Savers, How to Beat Inflation
Personal_Finance / Savings Accounts Oct 18, 2011 - 08:17 AM GMTInflation figures released today show the Consumer Prices Index (CPI) rose from 4.5% to 5.2% during September.
To beat inflation, a basic rate taxpayer at 20% needs to find a savings account paying 6.5%, while a higher rate taxpayer at 40% needs to find an account paying at least 8.67%.
Taxpayers have a choice of just five inflation-tracking accounts whilst there are no regular accounts that beat inflation in today’s market.
The effect of inflation on savings means that £10,000 invested five years ago, allowing for average interest and tax at 20%, would have the spending power of just £9,309 today.

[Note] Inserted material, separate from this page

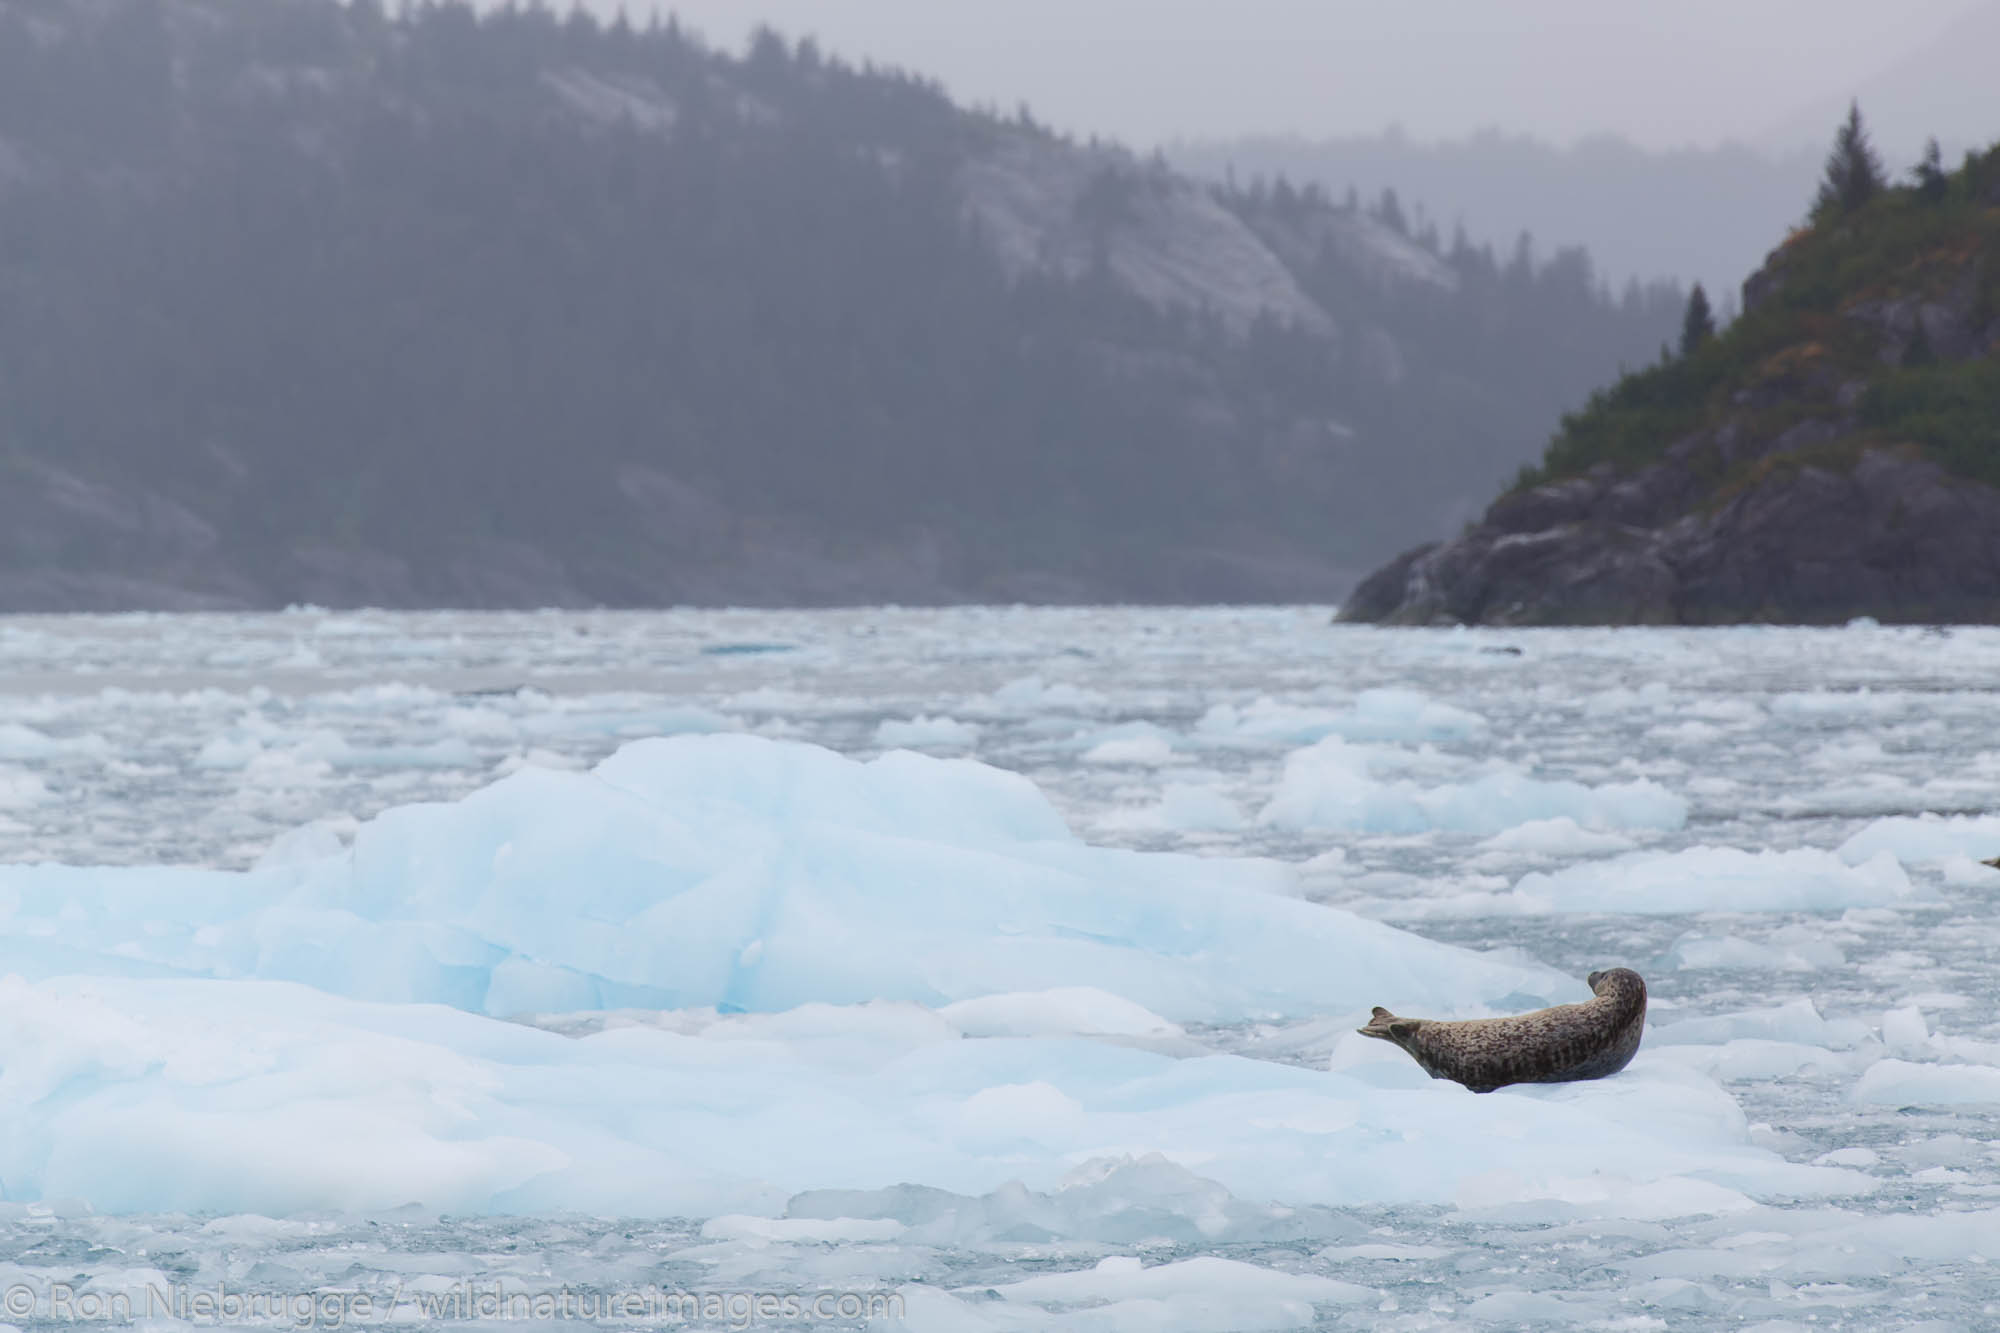 Harbor Seal (Phoca vitulina) at Chenega Glacier in Nassau Fjord, Prince William Sound, Chugach National Forest, Alaska.

Sylvia Waycot, spokesperson for Moneyfacts.co.uk, said:
“Inflation continues to spiral upwards whilst savers interest remains in the doldrums.
“Today’s news offers absolutely no hope for anyone relying on savings interest to help pay for rising food and fuel bills.
“The rate of inflation means hundreds of thousands of savers need accounts paying an unattainable 6.5% before they earn a real rate of return on their money.
“Anything less means they will fall into ‘the eroding spending power trap’ which has already wiped almost £700 off the spending power of £10,000 in just five years.
“Over the last year the number of savings accounts that beat inflation for basic rate taxpayers has dropped from 31 to a miserable five today, two of which are structured products that may not appeal to risk adverse savers.”